I work on oracle dbs at a large non tech company. It is a great performant rdbms with poor tooling that I cannot believe they included for the licensing cost. Sqlplus could be great but totally isn’t good as a shell tool. Sqldeveloper is garbage. Python libraries and connection engines are solid for running anything automated. Dbeaver is a cool IDE alternative for clicking through tables.
From my experience across some MSSQL server, oracle, sqlite, and some non-professional postgres, the given database model trumps the underlying database tech when dealing with pains writing analytics reports. There are many options to mess up a model design or for feature extension to turn the model ugly.
Forget about building a new company on an oracle stack, the cost is prohibitive. The open source rdbms are very good and cloud providers have chosen their champions. But for a large legacy corporation with expensive, sensitive data, oracle makes sense. To an extent with a well trained dba the db is “self-documented”

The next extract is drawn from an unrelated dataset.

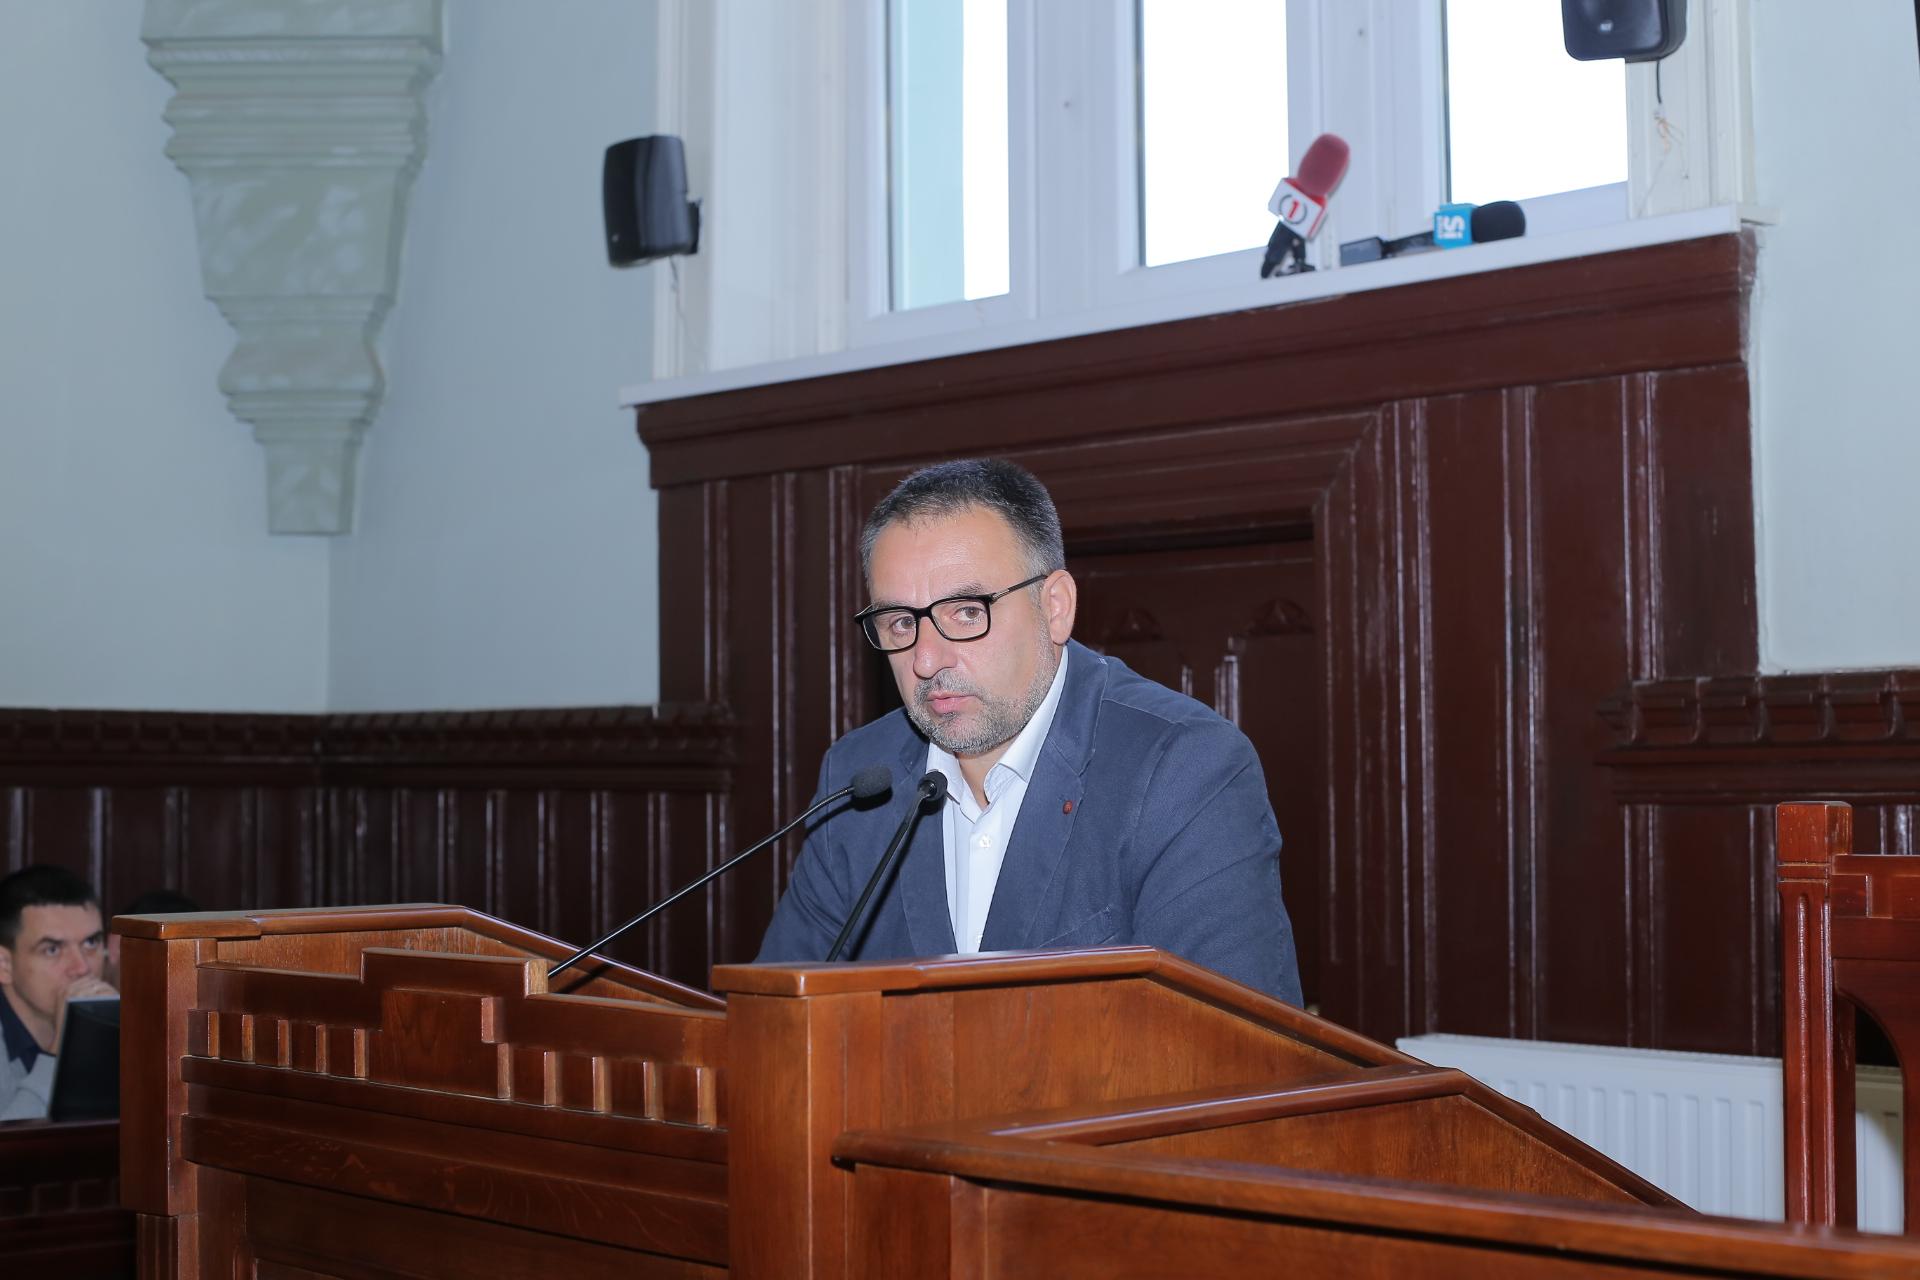 Адреси найбільших боржників Мукачева з'являться на білбордах міста

Lol sometimes dbs aren’t exclusively used as a global web app backend for ultra scaling grocery delivery services or whatever. Sometimes db models persist for years and you need assurance that this tech is archival quality.
An aside, I think it’s funny the link you shared is a php site, another dinosaur!
>Absolutely it does. The number of new companies launching on Oracle rounds to near zero though.
I'm not sure how correct that is either, but it's incorrect to call it a legacy skillset on an unpopular technology. A good number of those new companies, if successful, get acquired and are forced to integrate if not convert to Oracle.
https://www.thomsondata.com/customer-base/oracle.php
That doesn't even include primarily government contract companies.